Permainan itu adalah gasing. Mainan tradisional ini mulai ditinggalkan anak-anak di Kaltim. Kendati demikian, seorang pria bernama Norysamdani mulai memperkenalkannya, di tengah perkembangan digital.

Pria yang akrab disapa Dani itu juga memproduksi banyak gasing di kediamannya di Jalan Flamboyan, Tenggarong, Kutai Kartanegara (Kukar). Menurutnya, gasing bukan hanya sekedar permainan. Ada makna filosofis tersirat di balik putaran gasing.

Dani menerangkan, gasing dulu jadi tradisi setiap musim tanam di Kukar. Selain penghasil sumber daya alam, Kukar juga dikenal sebagai daerah agraris.

“Generasi pemainnya sudah berbeda orientasi. Permainan gasing kini hanya dimainkan ketika perlombaan,” kata Dani.

Ada 6 jenis gasing khas Kutai (diberi bold)

Sebanyak 6 jenis gasing lahir dalam tradisi masyarakat Kutai dan diyakini memiliki filosofi. Keunikan gasing asli kutai juga disebut berbeda dari gasing lain di Indonesia.
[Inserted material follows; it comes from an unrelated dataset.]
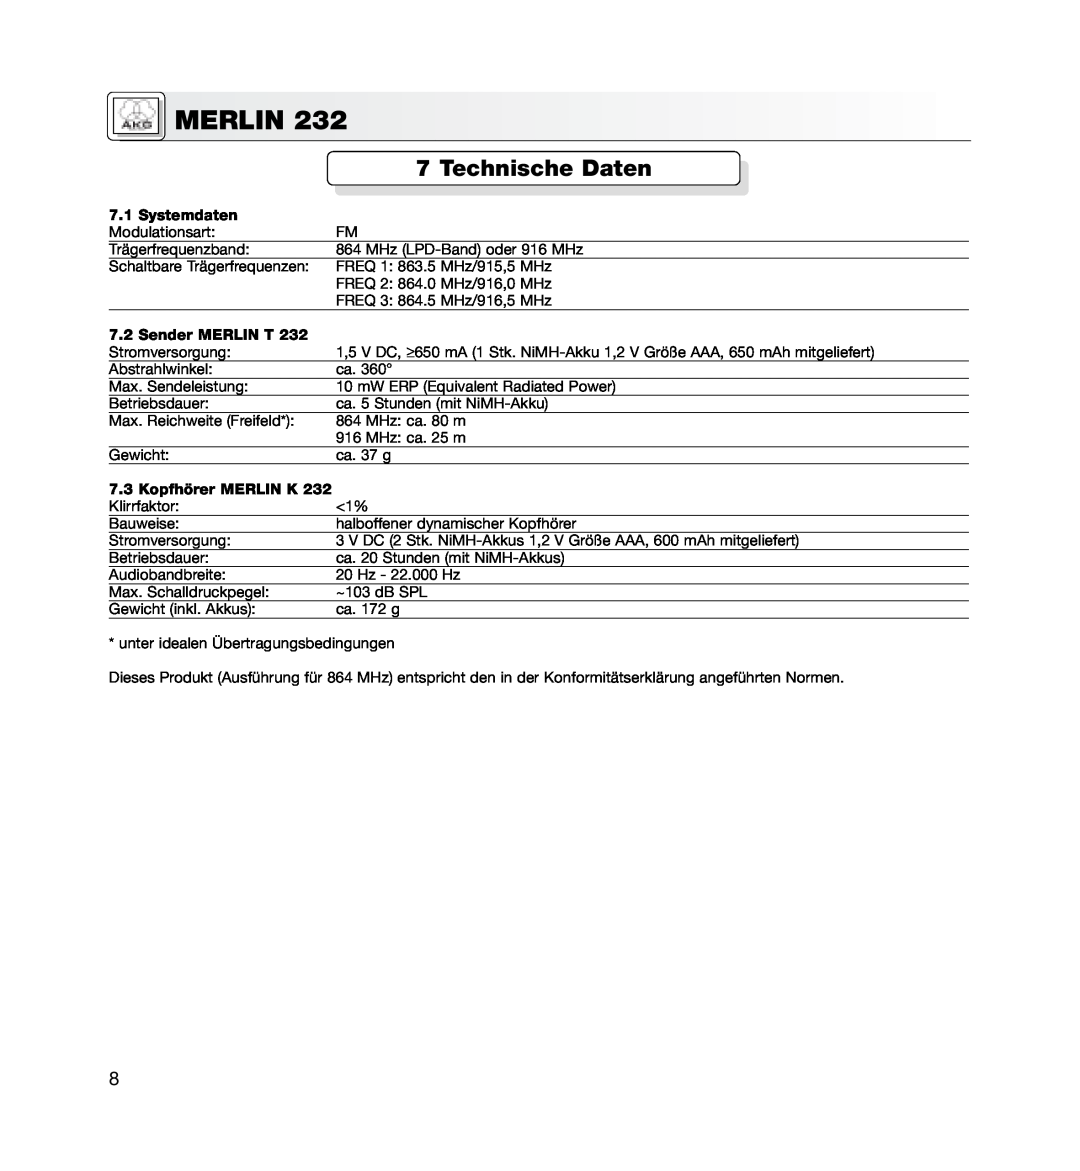 AKG Acoustics MERLIN 232 manual Technische Daten, Systemdaten, Sender MERLIN T, 7.3Kopfhörer MERLIN K, Merlin

Yakni gasing prangat, gasing pelele, gasing bengor atau gepeng, gasing tungkul atau jantung pisang, gasing buong berbentuk guci atau gentong dan terakhir gasing pendada berkepala dua. Jenis gasing terakhir ini hanya ada di kutai.

“Gasing (berkepala dua) ini bisa dimainkan dalam kerajaan,” ungkap pria berusia 36 tahun itu.
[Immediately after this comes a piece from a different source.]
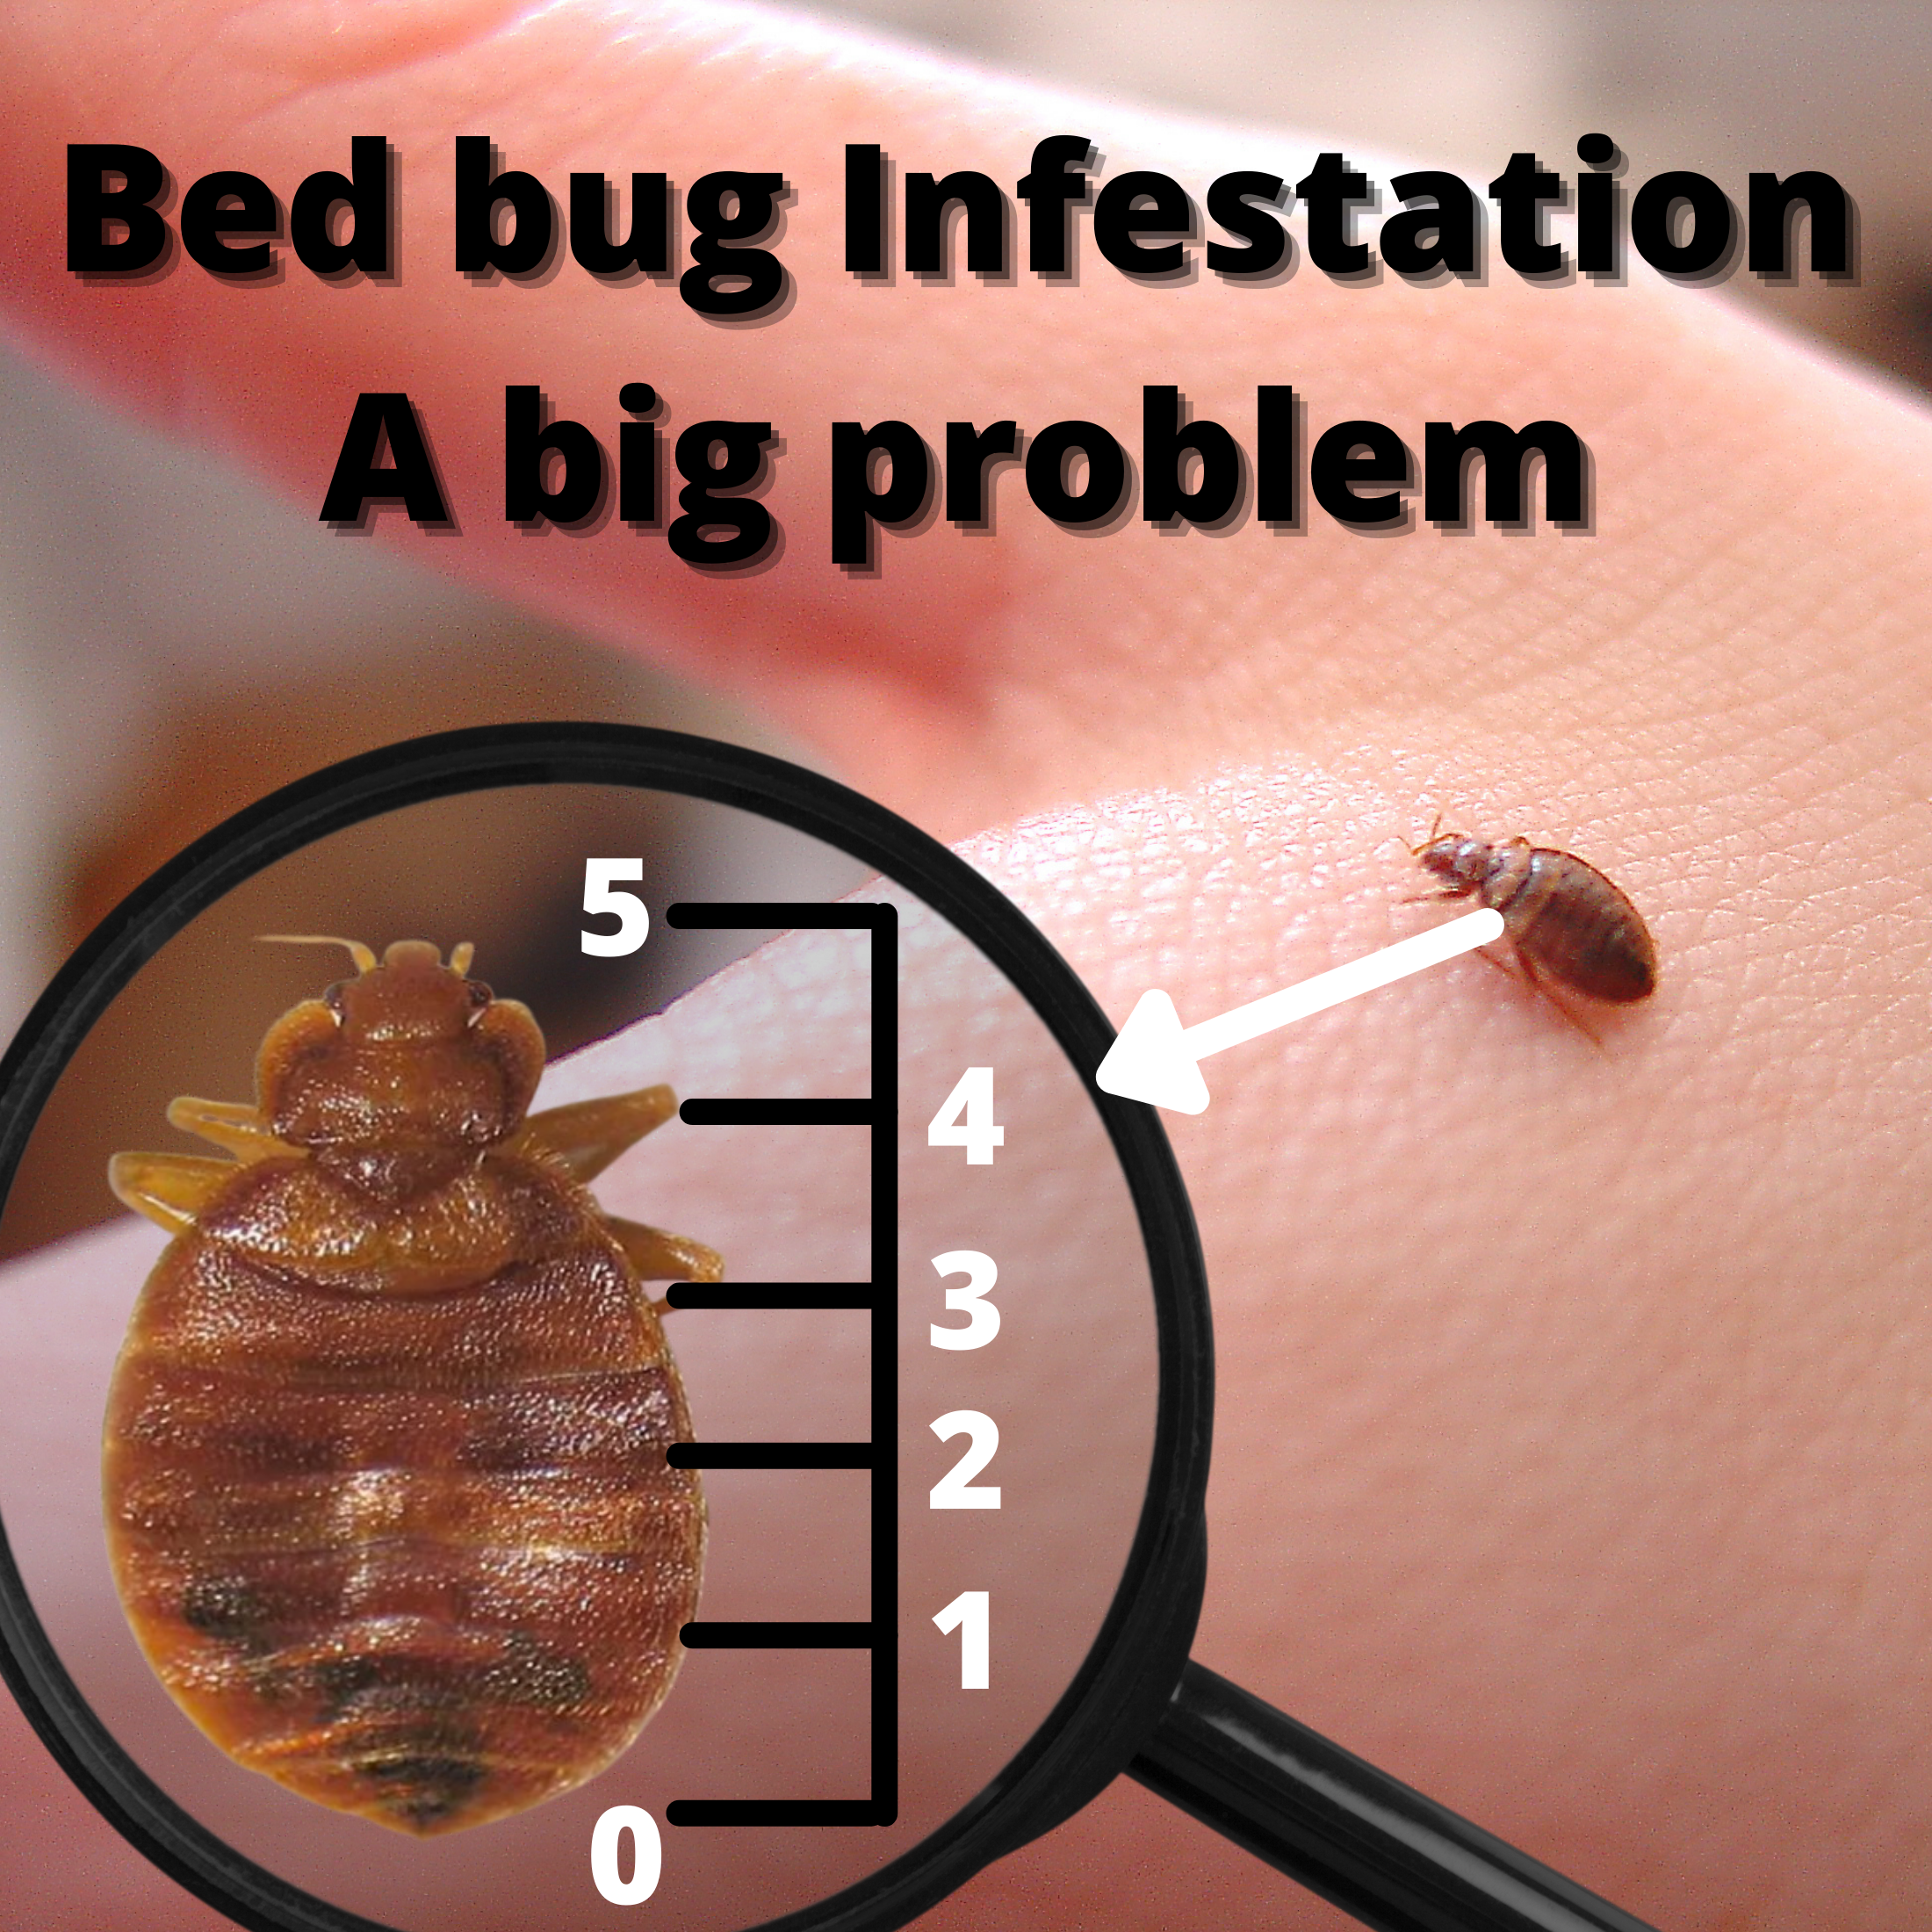 Bed bug infestation - A big problem

Gasing dalam masyarakat kutai, bukan hanya permainan tradisional tapi ada pesan moral dan etika. Karena bermain orang bisa menjaga toleransi, kekeluargaan antar sesama pemain.

“Kenapa saya suka gasing selain karena hobi, juga karena permainan tradisional ini kaya dengan filosofi,” kata dia.

Arti filosofis dalam gasing khas Kutai

Bukti-bukti sejarah perihal asal usul permainan tradisional dalam masyarakat kutai masih minim.

Namun, menurut Dani gasing lahir karena interaksi masyarakat kutai dengan alam. Referensi yang ia dapat dari para tetua, awal mula gasing dari buah pelele.

“Buah itu sering hanyut di sungai. Anak-anak pedalaman, suka memainkan buah ini di bantaran sungai. Ini gasing generasi pertama,” terangnya.

Setelahnya, permainan buah pelele ini berkembang pada zamannya sekaligus berubah bentuk menjadi kayu bikinan manusia. Sehingga generasi keduanya adalah gasing sudah berubah dari kayu.

“Masuk generasi ketiga, berkembang jadi jenis-jenis gasing,” sebut Dani.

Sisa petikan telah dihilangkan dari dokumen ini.